**STORED DATA:**
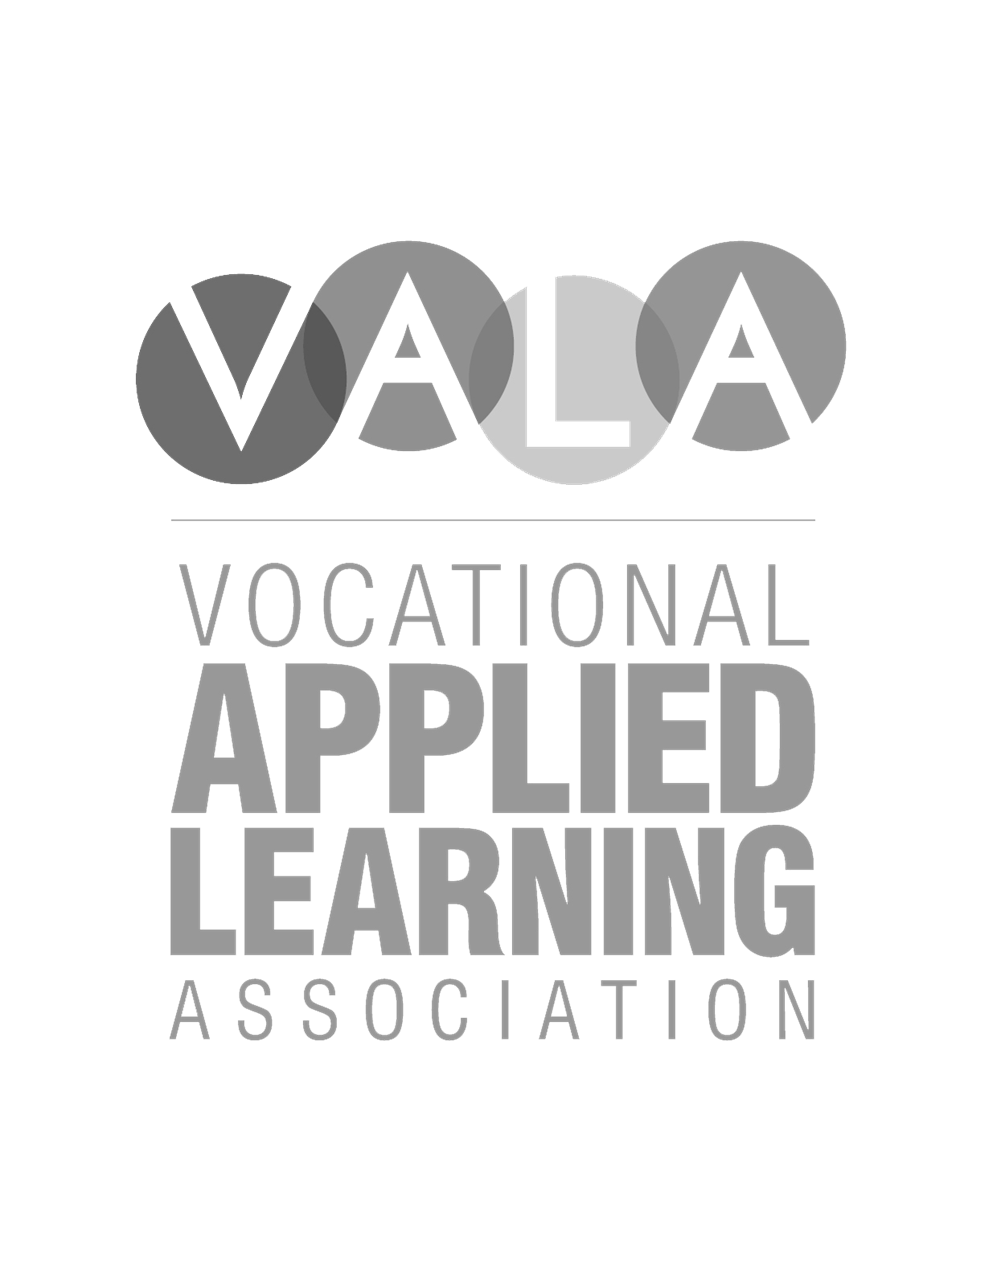 Vocational Learning Association
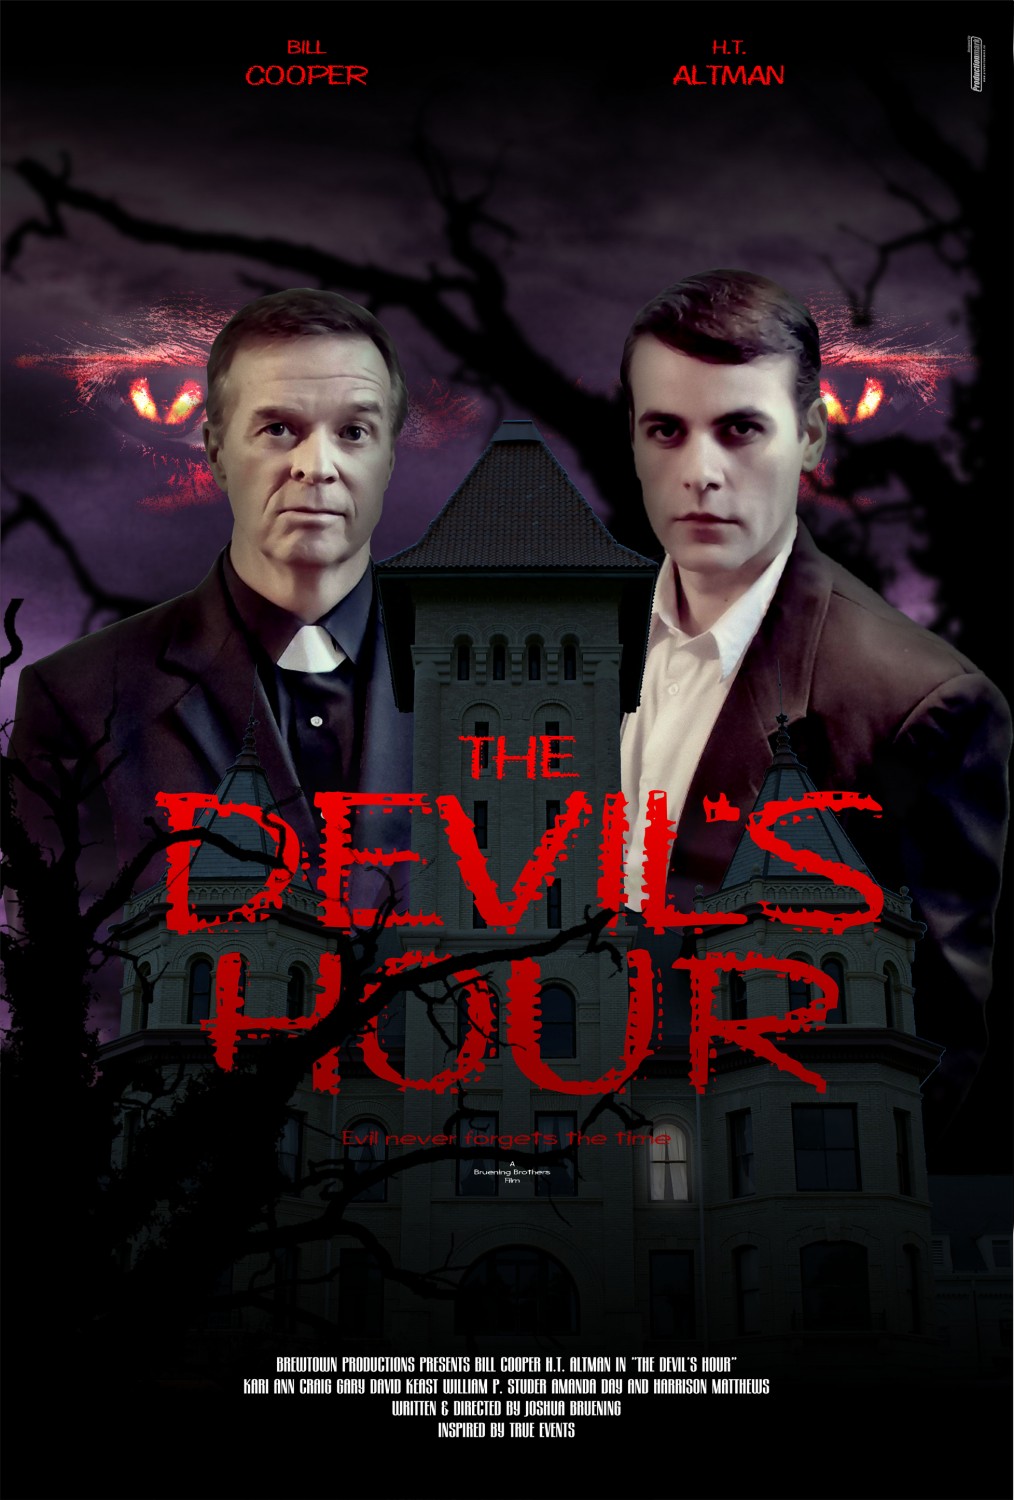 Productionmark-Services-Film-Poster-Design-Feature-Film-The-Devil-Hour
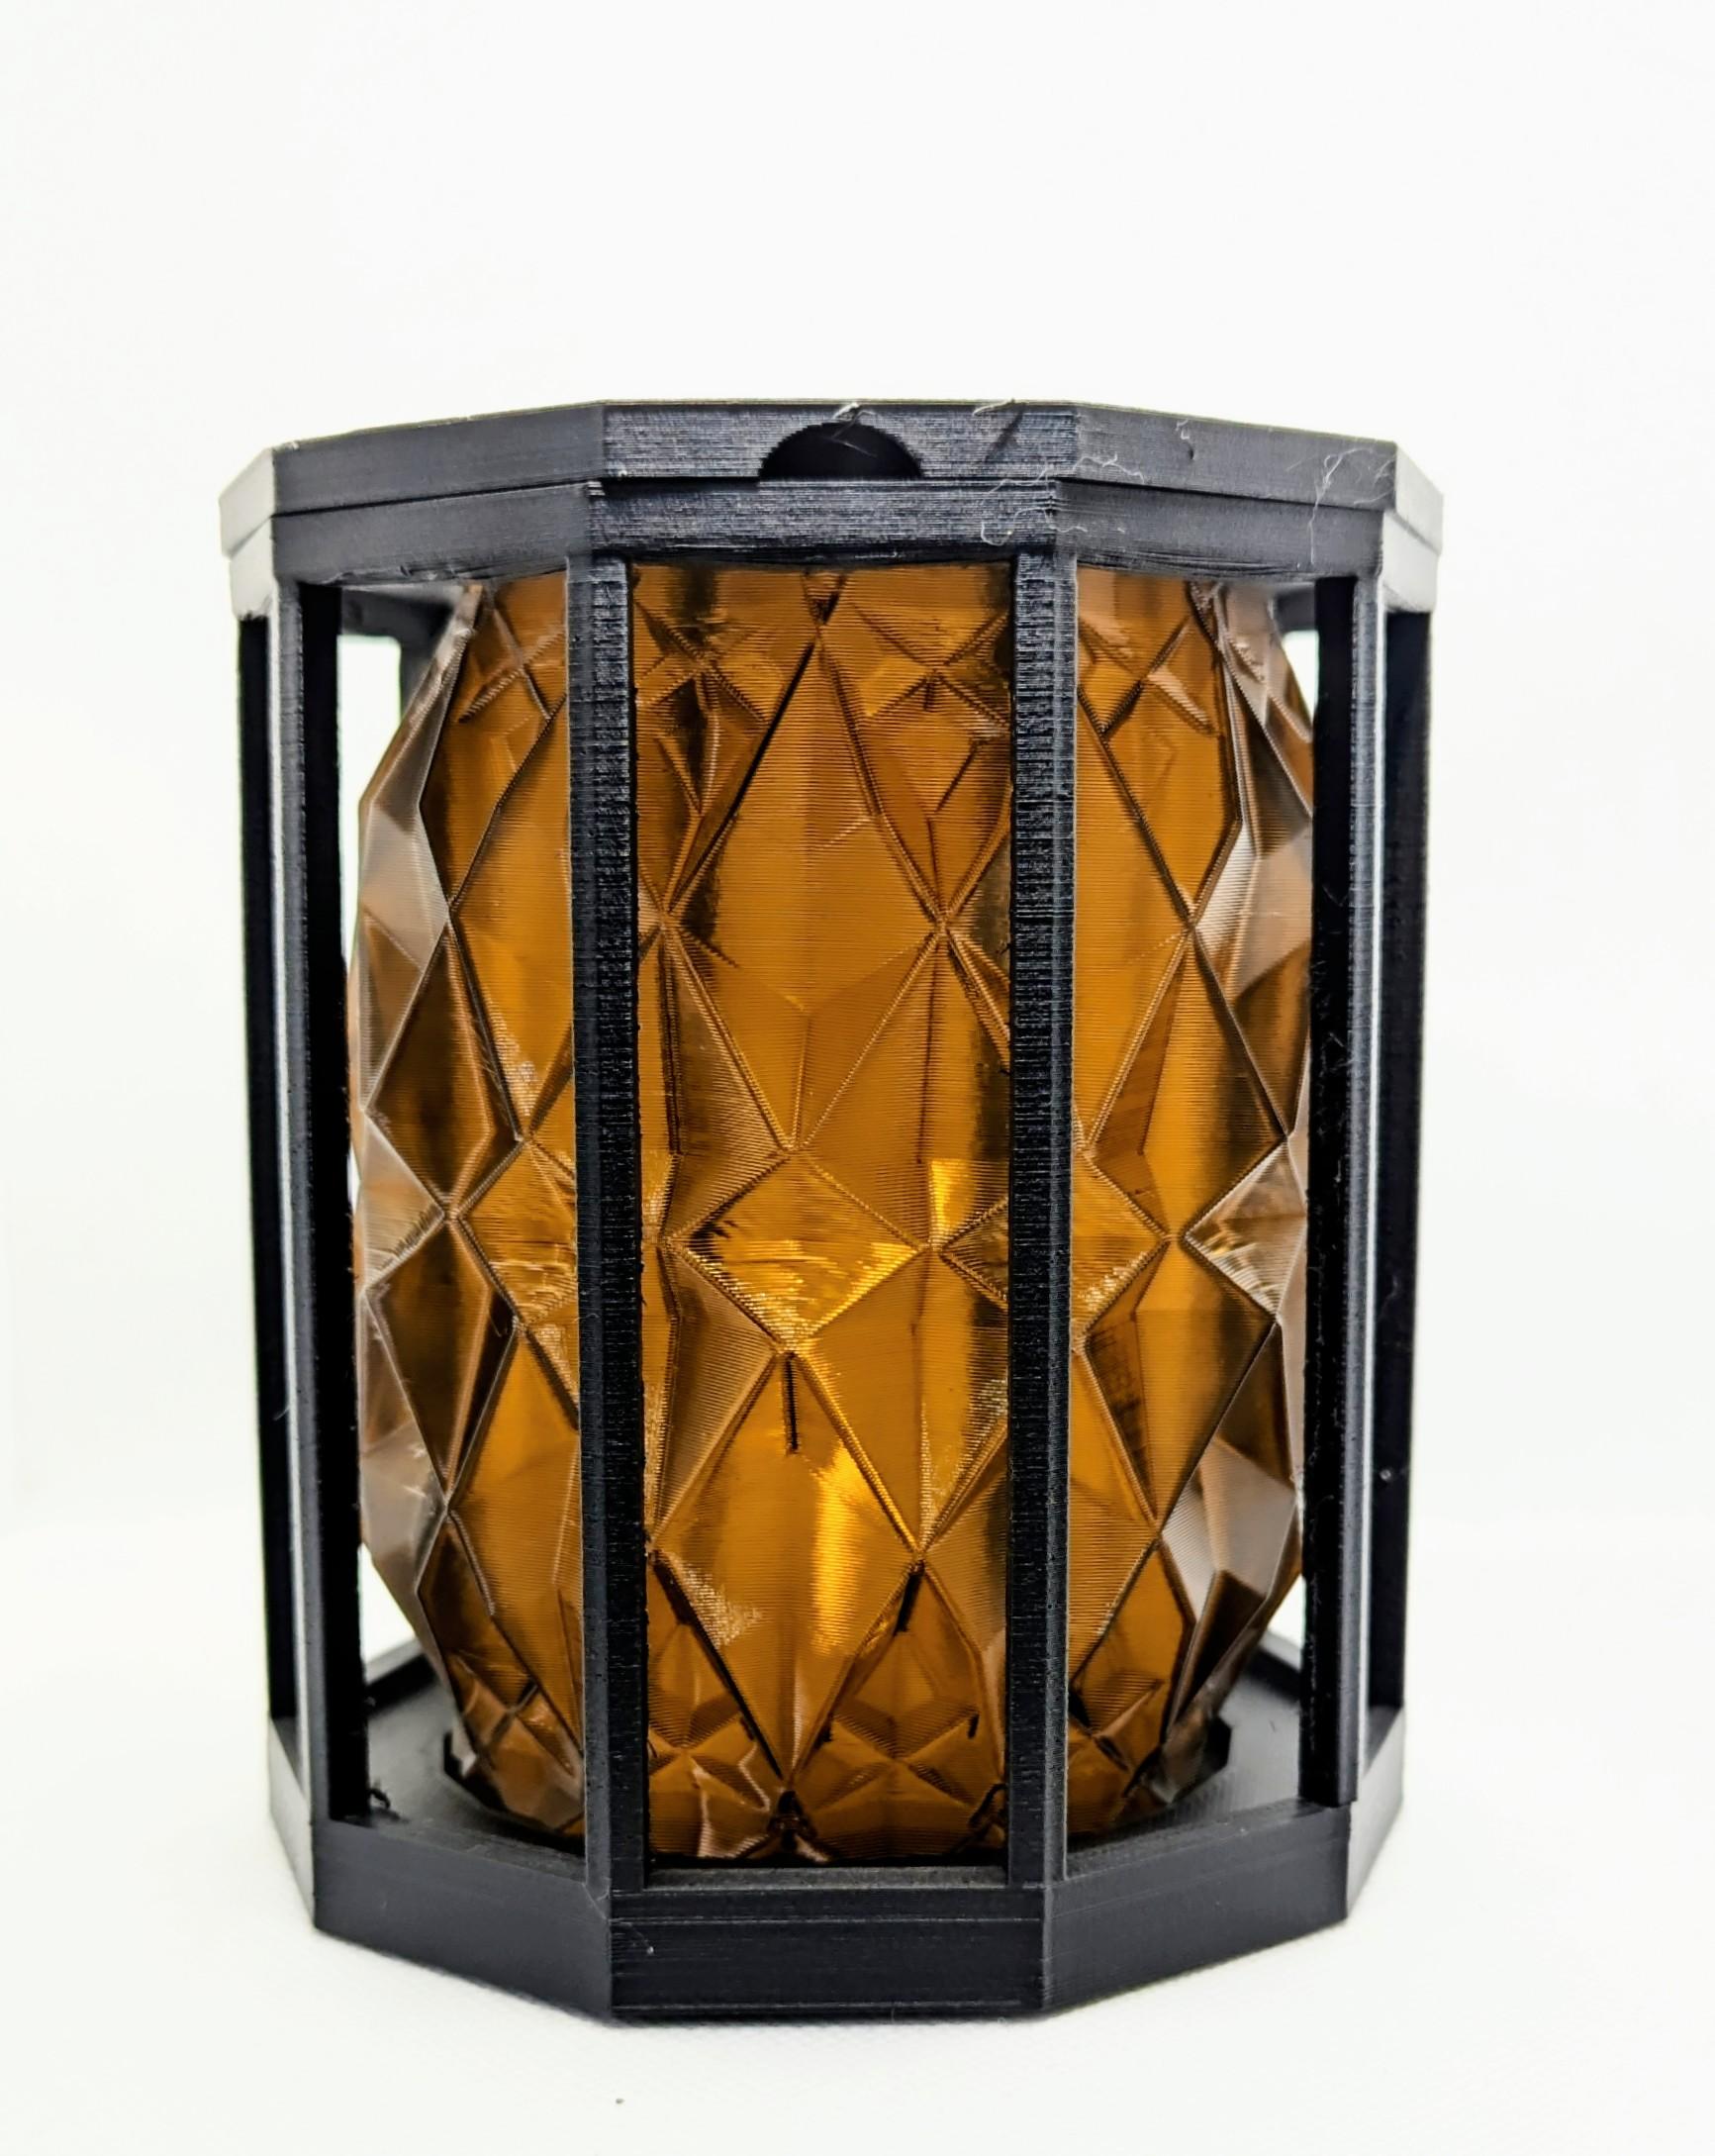 Lantern 3d model

**PROMPT:**
Everything in the listing above except the pictures should be duplicated exactly.

**ANSWER TO THIS PROBLEM:**
 Vocational Learning Association
 Productionmark-Services-Film-Poster-Design-Feature-Film-The-Devil-Hour
 Lantern 3d model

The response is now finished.